Терехов окликнул бакенщика и стал говорить с ним. Бакенщик, небритый, в холщовой робе, ухмылялся:

- Приехали ко мне на курорт. - И требовал за что-то денег.

Терехов нахмурился.

- Что ты, братец, чересчур много о деньгах говорить. Мы только что приехали.

Но бакенщик перечислял и загибал темные пальцы на руках: он хотел получить деньги за ведра, за воду, за наловленную на заре рыбку, за сучья, приготовленные для костра. Глухая алчность светилась в его глазах. Сами начальники, любители свежей ухи и чая с дымком, развратили его. И Терехов, видно понимая это, махнул рукой, брезгливо сморщился и отошел.

Уха, приготовленная серьезным толстяком, была очень вкусной.

Неподалеку была разостлана еще одна скатерть. Там пировали дети различных возрастов, вернувшиеся с купания, и шоферы. Там не было ни вина, ни водки, - только лимонад.

Терехов несколько раз поднимал стакан с вином и молча пил, глядя на Тасю.

Разговор зашел о взрослых детях, которые не хотят учиться. Завела его женщина-хирург, у которой, оказалось, был еще сын. Сын-десятиклассник приносил двойки, предпочитая танцульки приготовлению домашних заданий.

- Ну что делать? - восклицала мать. - Чем я виновата, что он, оболтус, не хочет учиться? В Москве я видела так называемых стиляг, на улице, в ресторане, - в общем, их там легко увидеть. Ходят кудлатые, в узких брюках, с гадкими рожами. У нас вы таких не встретите. Их нет. Впрочем, это понятно, наш город заводской, откуда им браться? Мой оболтус тоже не стиляга, ничего такого, а просто оболтус. Вот полюбуйтесь, он идет.

Подошел ее прелестный лодырь, добродушно и ясно улыбающийся, походка вразвалочку, одет буквально в лохмотья. Он нагнулся к матери и шепотом что-то спросил, как спрашивают трехлетние дети, смущенно пряча глаза и улыбаясь пухлыми губами, над которыми уже был заметен темный пушок.

Что-то он попросил, мать разрешила, и он побежал, резвый теленок, испытывающий простые радости: вот он бежит, вот мама разрешила выпить портвейну.

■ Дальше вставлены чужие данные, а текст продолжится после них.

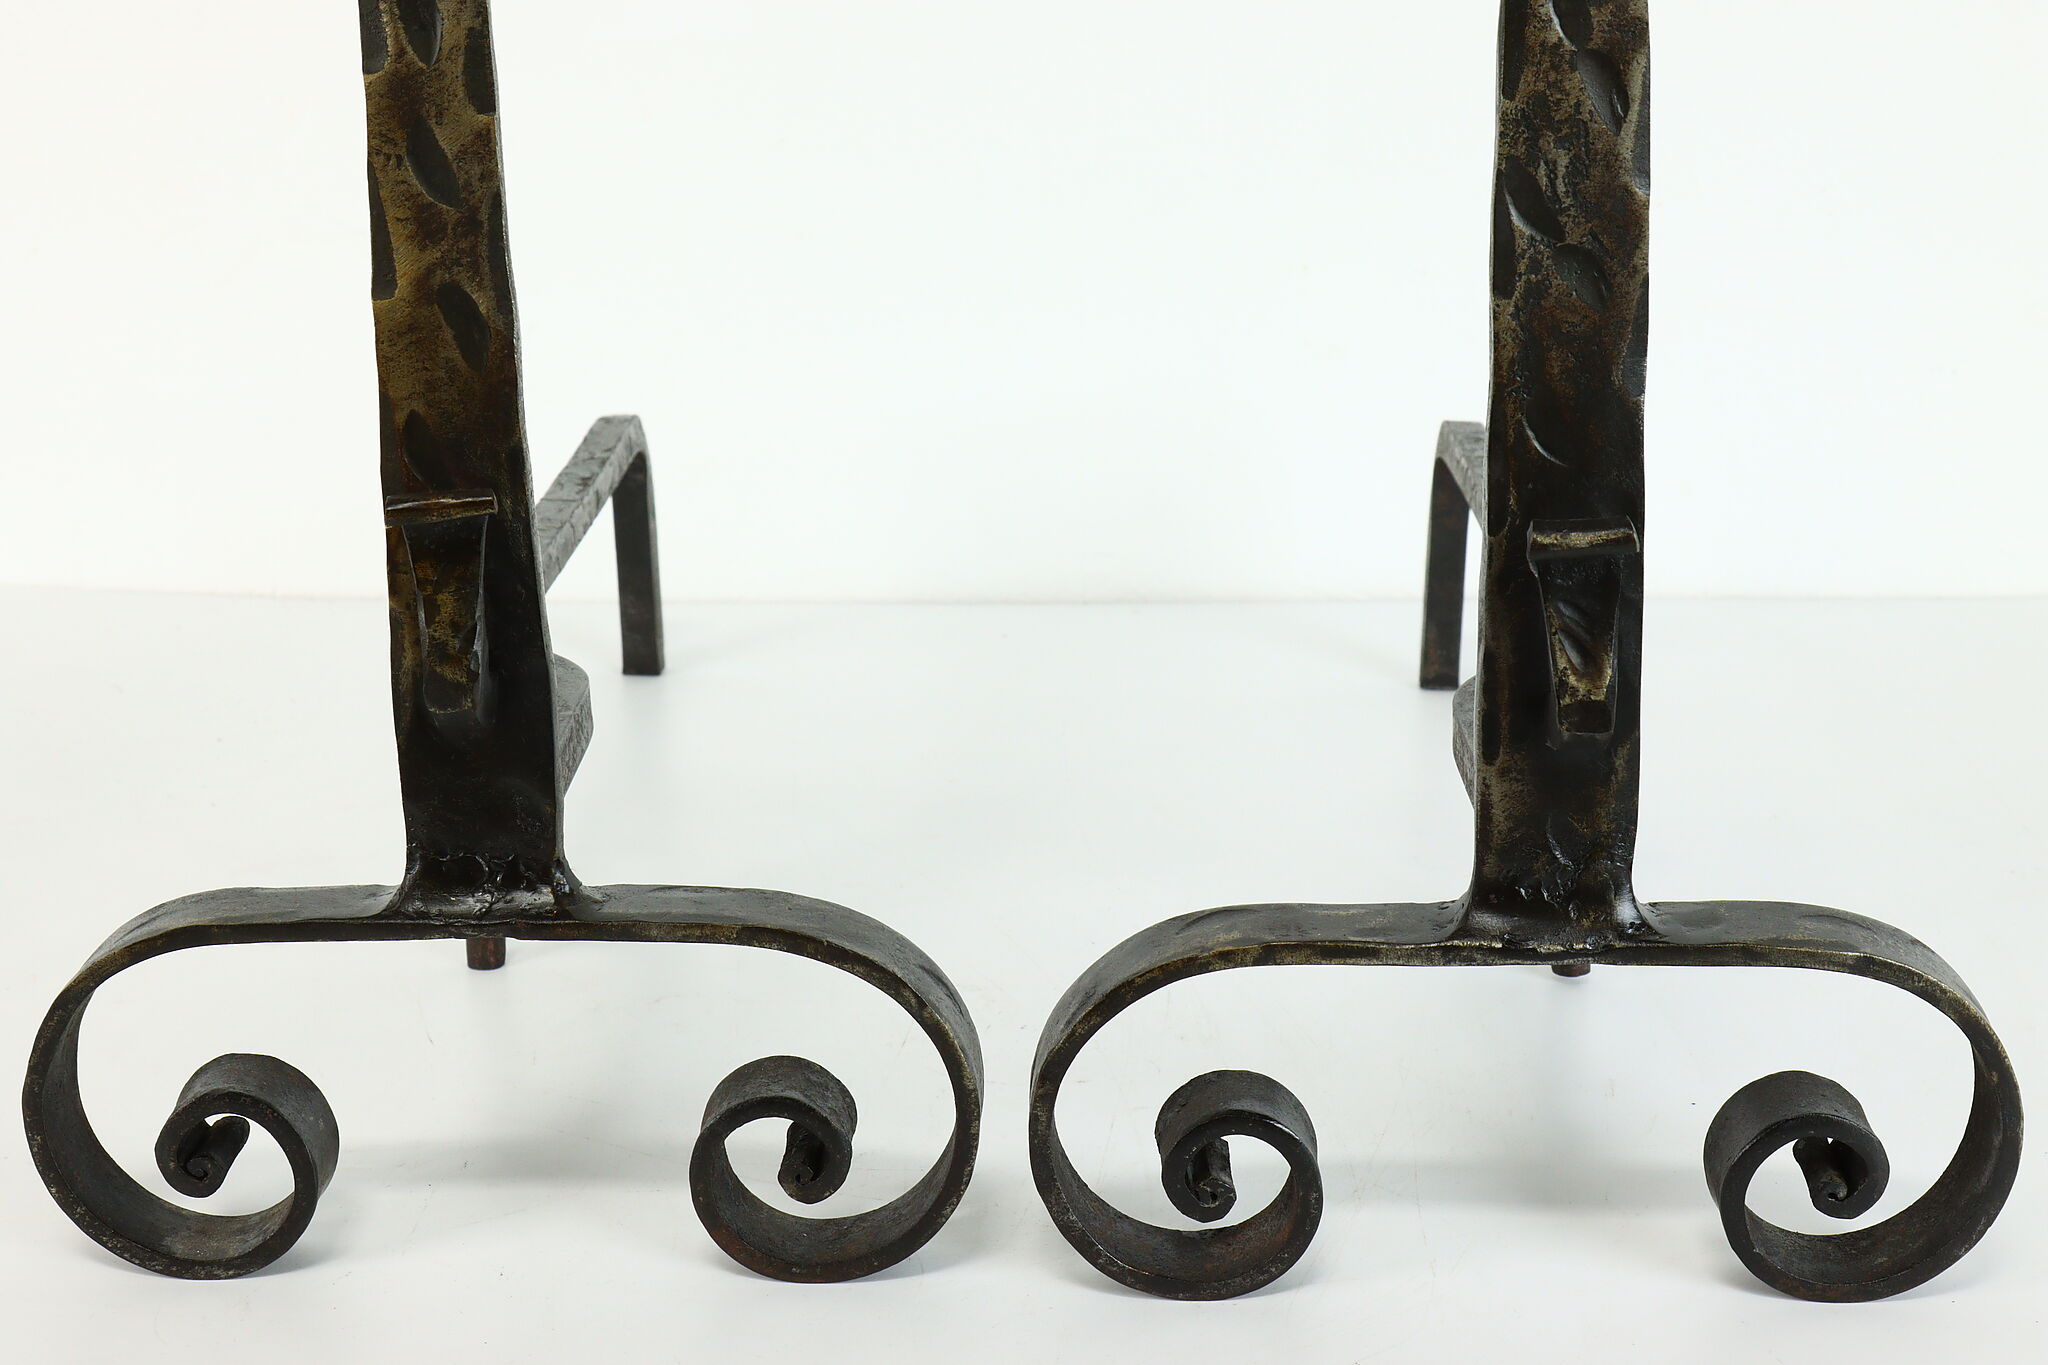 Dollhouse Miniature Harmony Forge Handcrafted Wrought Iron Charleston Andirons

- Не горюй, Эльвира, - грубоватым голосом сказал Терехов, - я заметил, что каждый в конце концов находит свою судьбу. Никто не пропадает. Пойдет твой парень послесарит. Это нам, родителям, так страшно все кажется, а ему небось не страшно. Ему жизнь улыбается.

- Тебе хорошо говорить, твой сын - отличник и зубрила, с утра до ночи сидит зубрит, я знаю, - ответила Эльвира, - а мой - оболтус и балбес. Интересно, между прочим, где моя младшая дщерь, что-то она притихла, это мне не нравится.

На другом конце скатерти тоже шел разговор.

- Я начал создавать район с карандаша, - говорил краснолицый грузный человек с полотенцем на животе, тот, который варил уху. Казаков сказал Тасе, что это секретарь райкома. - Провели мне телефон, поставили его на окне и блокнот под нос положили. А через три дня привезли нам десять кухонных столиков - это было событие.

Увидев, что Тася слушает, он обратился к ней:

- А здание райкома нам нефтяники построили. Они богатые, черти. Вся наша работа - это все нефть.

- Что было, то было. Теперь совнархоз - он тебе и министр, он тебе и Москва, - заметил кто-то.

- Мы засыплемся со строительством. Не хватает кирпича и шлакоблоков. Стеновой материал нам никто не даст и не привезет, а план с нас не снимут.

- А что с дорогами будет? - спросила Грушакова. - Я у мужа машину редко беру, так пальто за год истрепала, пуговицы не успеваешь пришивать. Когда строили завод, не думали о людях. Кто-то недоделал, а кто-то теперь своей шкурой расплачивается за это.

- Илья, Илья, уйми жену, а то она на меня кидается! - крикнул секретарь человеку, который возился внизу, на реке, с удочками. - Дороги наши, Люся, машины съели. Камень виден, а асфальт уже съеденный. Наши машины какие? Бульдозеры и тракторы. Теперь в совнархозе эту проблему решим. Будет наш совнархоз по этим же дорогам ездить, никуда не денется. А куда он денется.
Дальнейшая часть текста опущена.